There are three options for you to choose from in repaying your mortgage, these are: repayment, interest-only, or a combination of the two.
The most popular option, and the one that is the most widely available is a repayment mortgage. With a repayment mortgage, you’ll make monthly repayments for a pre-arranged period of time until you’ve paid back both the capital and the interest.
This means that your mortgage balance will get progressively smaller, month by month, and provided that you keep up with the repayments, your mortgage will be repaid at the end of the term.
You should bear in mind that when you start your mortgage, the repayments will mainly be coming out of the interest amount, so should you decide move house or repay the mortgage in full in the early years, you’ll find that the amount that you owe will not be too different to the starting figure.
With an interest-only mortgage you will only pay the interest due on the amount you borrowed each month. So, while your monthly payments will be less than they would with a similar repayment mortgage, you will still owe the amount you originally borrowed when you reach the end of the mortgage term.
Lenders will make sure you have a repayment strategy in place, so that you’ll have money to pay off the capital at the end of the mortgage. Different lenders will obviously have different criteria for meeting their strategies, but the repayment plan will often mean paying regularly into savings or investments and could include pensions and other properties.
If you do decide to follow an investment plan, the responsibility to ensure that you can pay what’s owed on the capital at the end of the mortgage falls on you, however your lender will also check on this at least once during the repayment period. If the plan is not on track, then it will be very difficult for you to remortgage or get the loan restructured.

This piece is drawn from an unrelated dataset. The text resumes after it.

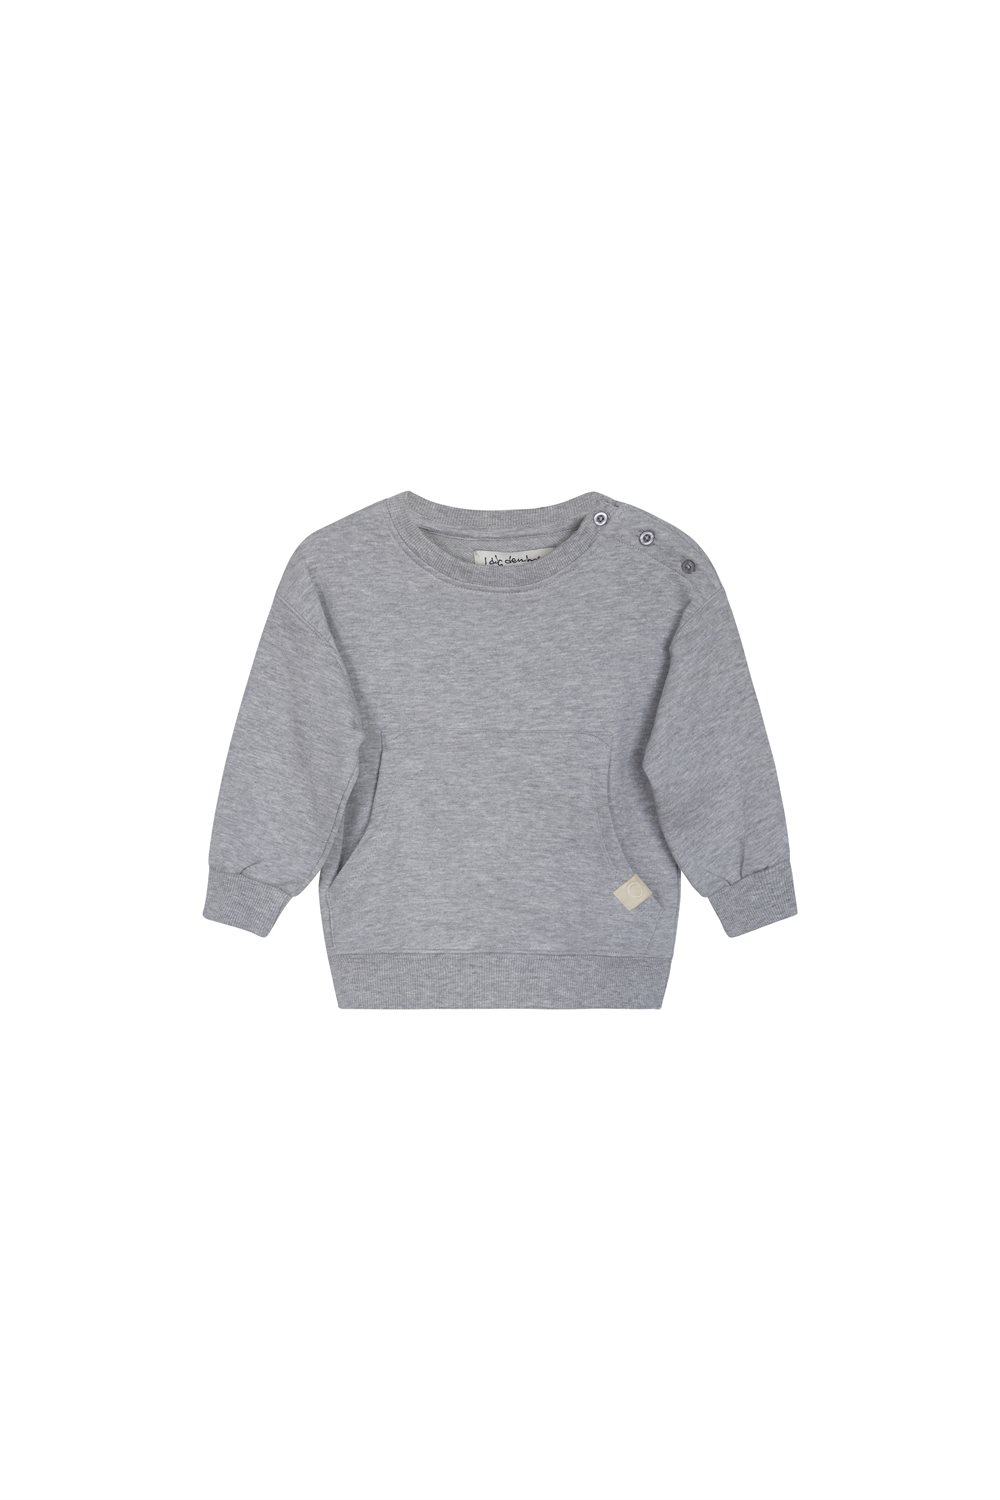 Mike sweater organic grey-melange

It is fairly common for lenders to request a larger deposit amount if you have an interest-only mortgage. If you have a substantial deposit and are considering an interest-only mortgage you may want to get financial advice to work out the best repayment method.
There are a number of lenders who offer mortgages on a part-repayment and part-interest-only basis. This option means that at the end of the term some of the mortgage capital will still be owed and will need to be repaid.